US Trends

will pennies become more valuable when they stop making them

They will stop being made, but most pennies will probably not become significantly more valuable; only certain older, rarer, or high‑grade coins are likely to see noticeable price increases over time.

What actually happens when pennies stop

  • The U.S. has stopped minting new pennies to save money, but existing pennies stay in circulation and remain legal tender at one cent each.
  • There are roughly tens of billions of pennies already out there, so simple scarcity from ending production does not suddenly make common pennies rare or valuable.

Lessons from Canada and other phase‑outs

  • When Canada phased out its penny in 2012, most modern pennies stayed worth face value; only scarcer dates and high‑grade pieces saw collector premiums.
  • The same pattern is expected in the U.S.: everyday worn Lincoln cents from recent decades are so common that collectors can easily get them, keeping their value at or near one cent.

Which pennies can be worth more

  • Older or scarcer types (like wheat cents, key dates, mint errors, and very high‑grade coins) already have collector value and may appreciate further as the series “ends.”
  • Special items such as proof sets, mint sets, or notable years (for example, low‑mintage or anniversary designs) can get extra attention once no new pennies are made.

Economic logic vs. “get rich off pennies”

  • Basic supply‑and‑demand says that if supply stops, price might rise—but with over 100 billion pennies still circulating, the effective supply for common dates is enormous, so demand from collectors would have to be huge to move prices.
  • Financial institutions will continue to accept deposits of pennies at face value, and official guidance emphasizes using or depositing them, not hoarding them as an investment.

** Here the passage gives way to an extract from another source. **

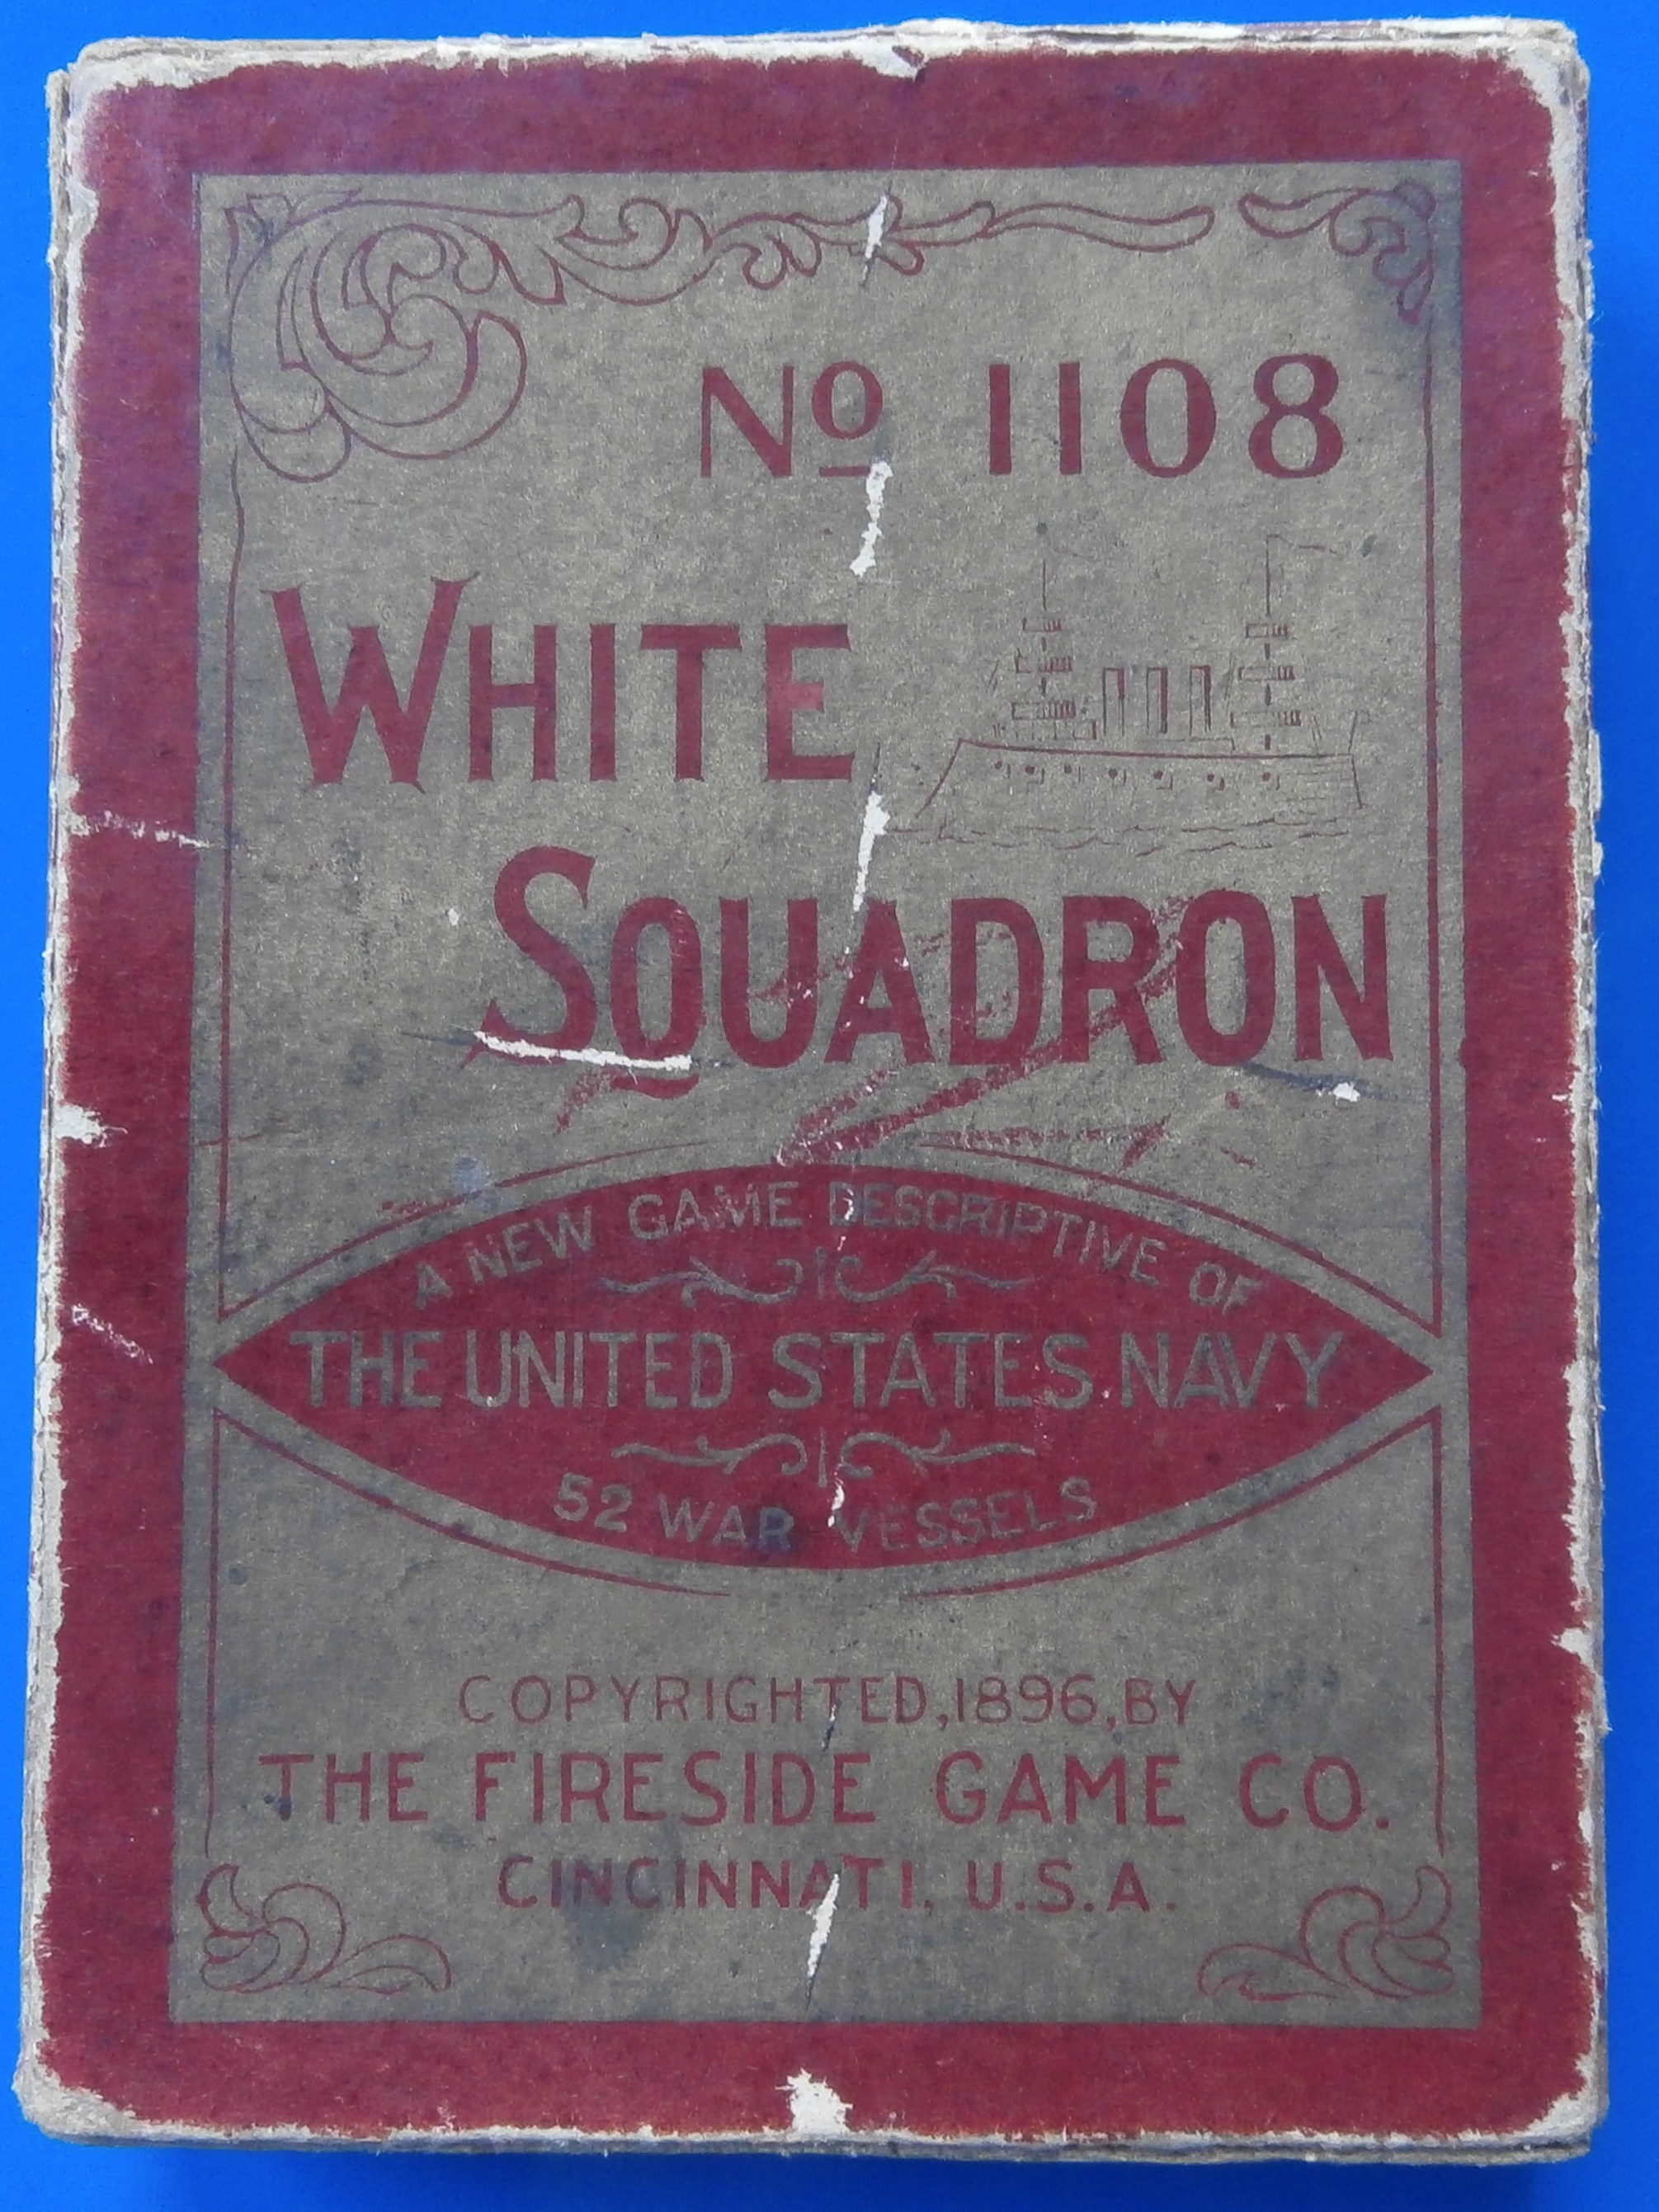 The Old 1896 Card Game: White Squadron by Fireside Game Company
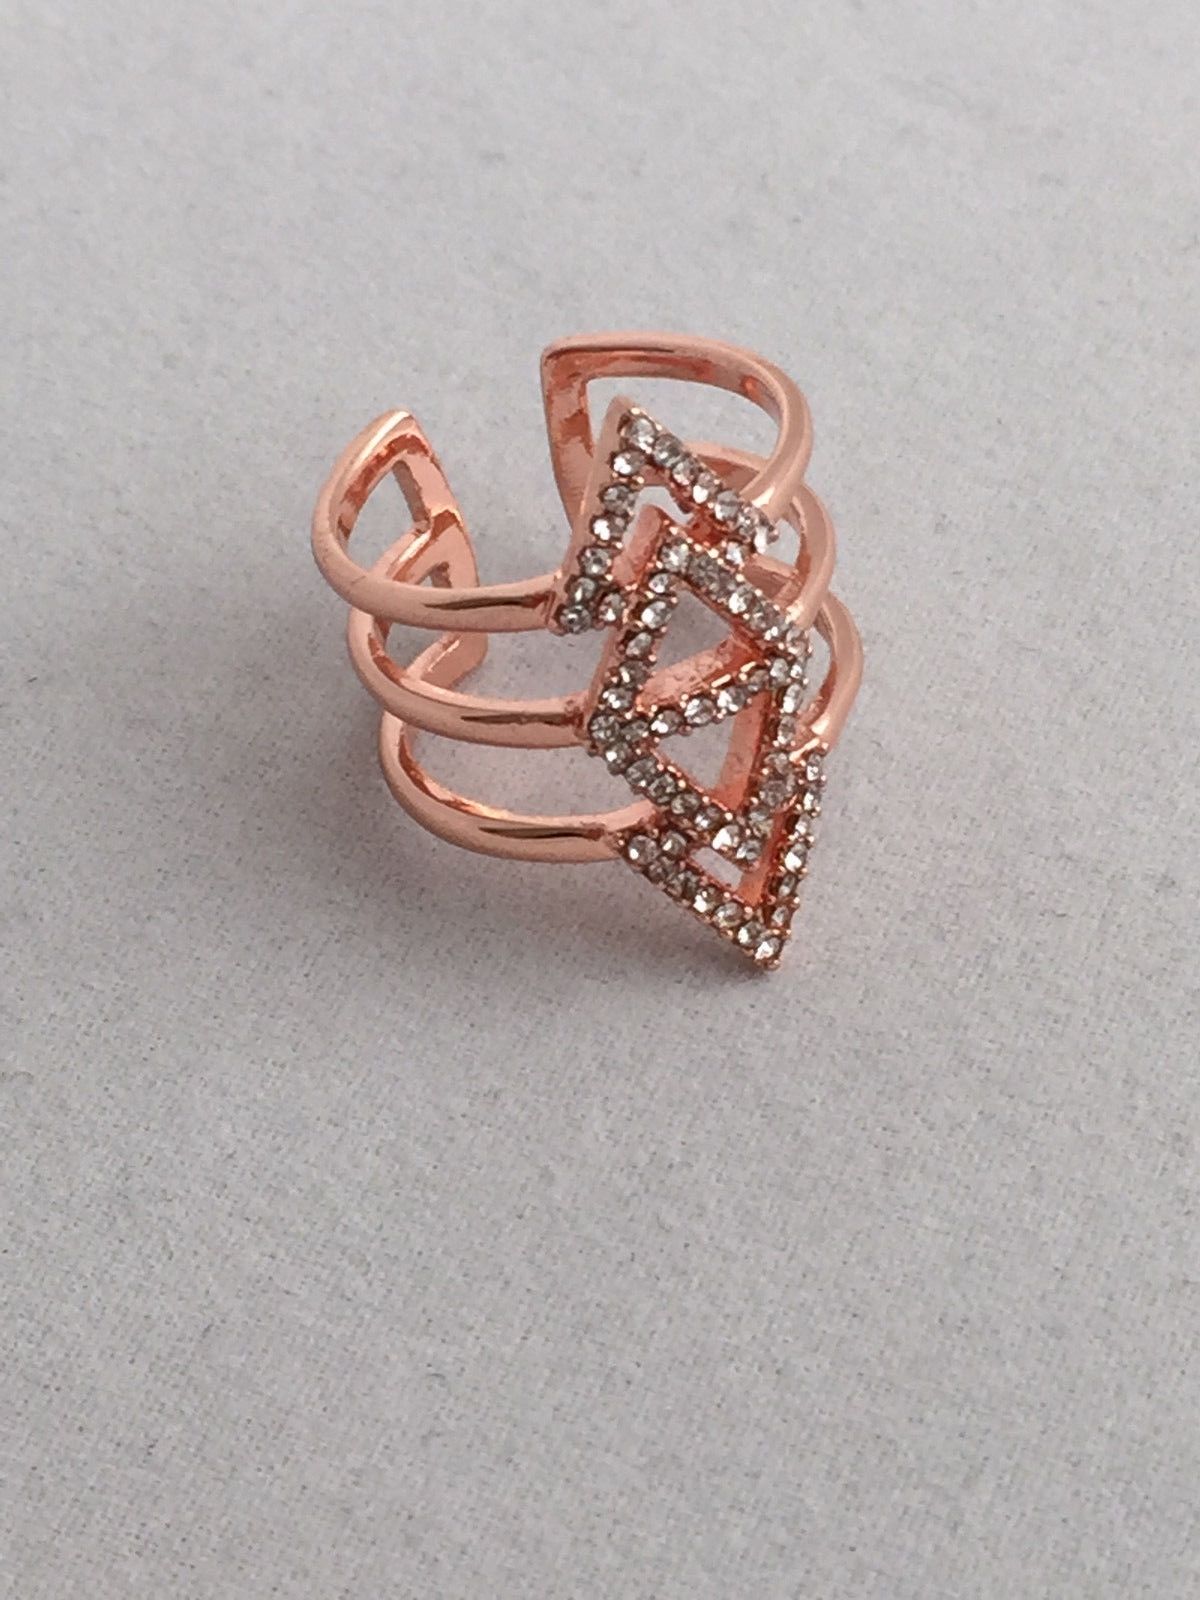 New Stella & Dot Pave Spear Ring Rose Gold Size Adjustable Med Lg Regarding Most Current Stella And Dot Chevron Rings (View 5 of 15)

So what should you do with your pennies?

  • Reasonable moves:
    • Pull out obviously older wheat cents, unusual designs, or very shiny high‑grade pieces and set those aside.
    • Roll and deposit or spend the vast bulk of modern, worn pennies while they are easy to use.
  • Treat common pennies as small change, not a retirement plan: any value boost from the end of production will mostly be sentimental or very slow and tiny for regular coins.

TL;DR: Ending penny production does not automatically turn jars of ordinary pennies into a windfall; only select older, rarer, or pristine coins are likely to become notably more valuable.

Information gathered from public forums or data available on the internet and portrayed here.